- Born: 1834 Leicestershire, England
- Died: 18 February 1897 (aged 62–63) Christchurch, New Zealand
- Other names: Mary Ann Graves
- Occupation: Prostitute

= Mary Ann Greaves =

Prostitute, criminal

Mary Ann Greaves (1834 – 18 February 1897), also known as Mary Ann Graves, was a New Zealand prostitute and criminal. She was born in Leicestershire, England. The Canterbury Police Gazette of 1 June 1871 describes her as being 5' 4", slight build and having sandy hair and grey eyes. Greaves appeared before the Supreme Court four separate times (1862, 1866, 1868 and 1869). This was the highest number of times for a female at that time.

==Criminality==
She emigrated to Canterbury New Zealand from Tasmania in 1859. (She had possibly been transported to Tasmania as a criminal.) Her first known court appearance was in 1862. In 1864, she was listed as one of 14 known prostitutes in Christchurch, living in its only known brothel in Kaiapoi.

By 1866, she is described as an infamous criminal.
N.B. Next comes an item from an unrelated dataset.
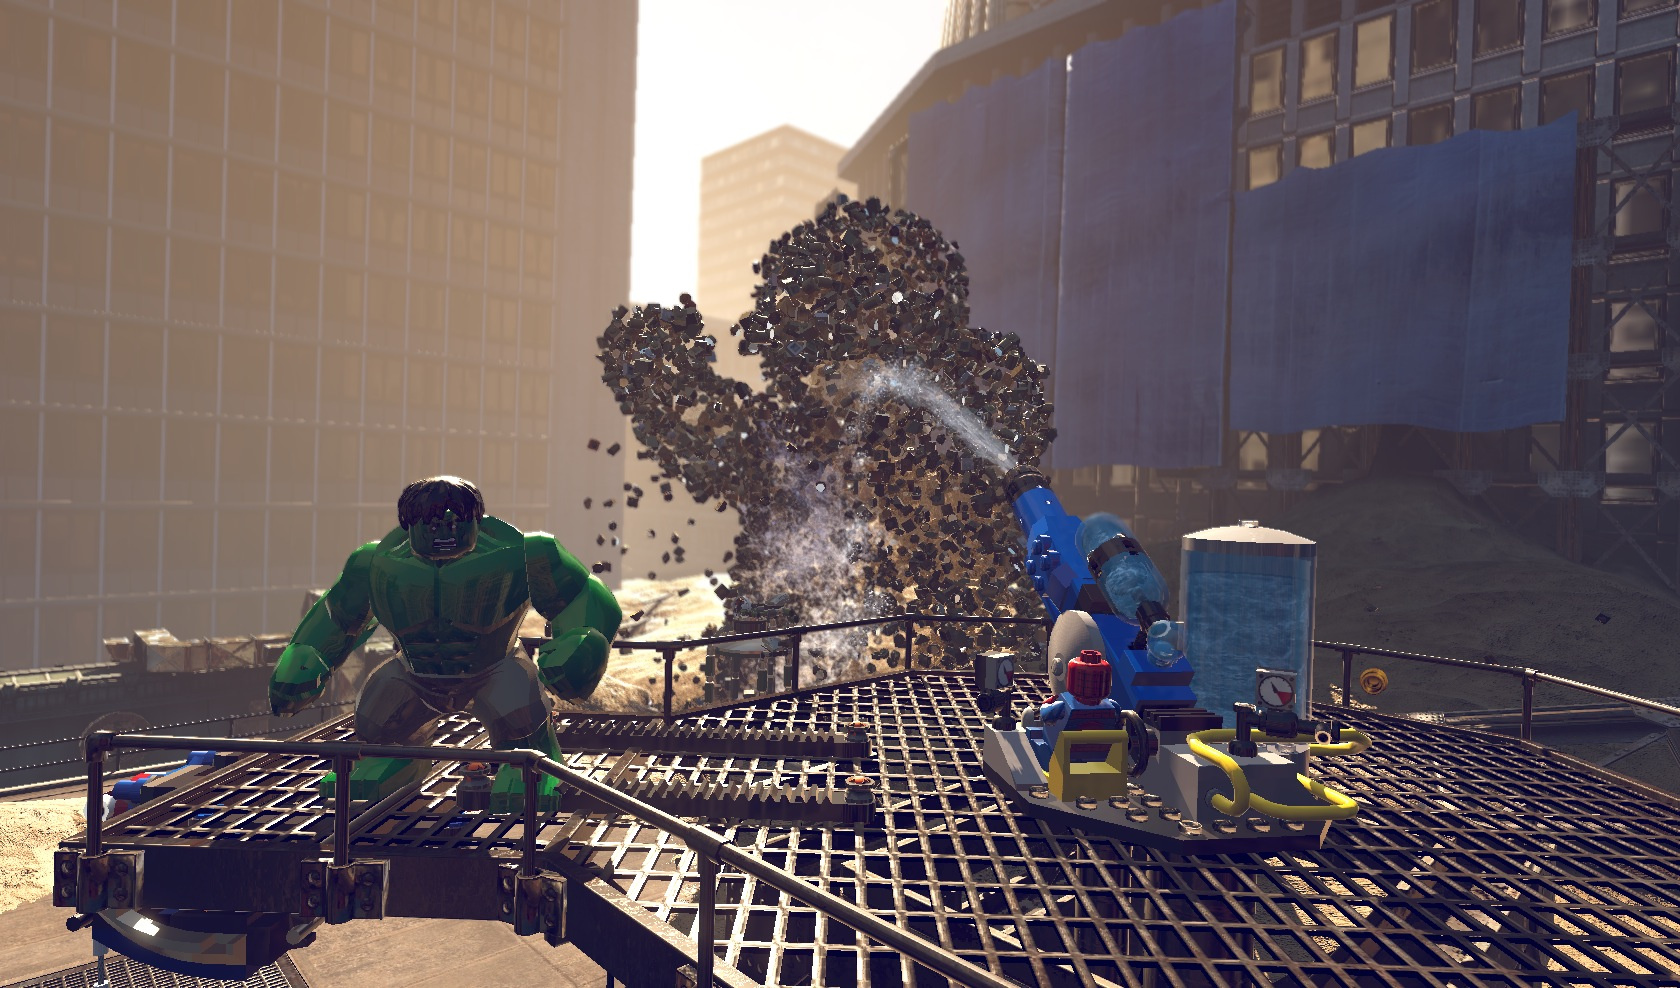 PC / Computer - LEGO Marvel Super Heroes - Effects - The Textures Resource

Under a period of years, she became well known for appearing in a number of court cases regarding prostitution, robberies, public drunkenness, using obscene language and other crimes. In September that year, Greaves was sentenced to two years imprisonment for assault and robbery on a Thomas Davis. Fellow prostitute Mary Holmes and Charles Yates were also jailed for this incident.

In 1869 she took a man outside of the Criterion Hotel and whilst engaged in "other matters", allegedly rifled his pockets. When the man accused her of theft she struck him and called him a liar. The jury of the Supreme Court found her guilty and the judge told her "It is quite evident upon the facts that you are an old and hardened offender. I am sorry to say that both the Magistrate and I know you too well" She was sentenced to another two years. Greaves was released from prison on 12 May 1871 after being pardoned. Although released at 4pm, by that evening she had been arrested for being drunk and disorderly and solicitation.

Greaves agreed to leave Christchurch after being arrested for soliciting outside the Mitre Hotel in March 1872. She failed to do so and was described as "incorrigible" and returned to jail.

The Contagious Diseases Act 1869 required prostitutes to undergo regular medical examinations. In 1876 she was in court for failing to attend medical examinations and was sent to the Contagious Diseases Reformatory.

In June 1877 in Oamaru she was convicted of perjury and sentenced to 18 months' imprisonment. During the trial (having used the alias Alice Purnell) she testified "I have been 15 or 16 years in New Zealand. I came from London as a married woman. I lived in the Province of Canterbury till I came to Oamaru.... I was in Timaru between 10 and 12 months. I was convicted in Timaru for vagrancy, and received three months' imprisonment.... I can write my name "Mary Ann Greaves," but not very well."

In 1887 Greaves was fined 30 Shillings for being drunk and disorderly and fighting with another prostitute, Ellen Parkinson.

==Children==
Greaves had at least one daughter and possibly at least 3 daughters. One daughter, Catherine, was born in Tasmania and in 1866, when she was 14 years old, appeared in court for a breach of the peace. She subsequently appeared in court many times and jailed for theft and prostitution. An 1867 (when Greaves was in prison) register of prostitutes in Christchurch list a Mary Ann Greaves	" Of no fixed abode" and that "Her mother is in prison, the Government support her two sisters". This is possibly another daughter of Greaves.

==Retirement==
In 1893, Greaves was reported to have retired from criminality, although still listed in that year's register of brothels and described as "quiet". She was living in Sydenham with 'a notorious thief'. On 18 February 1897 she died of apoplexy.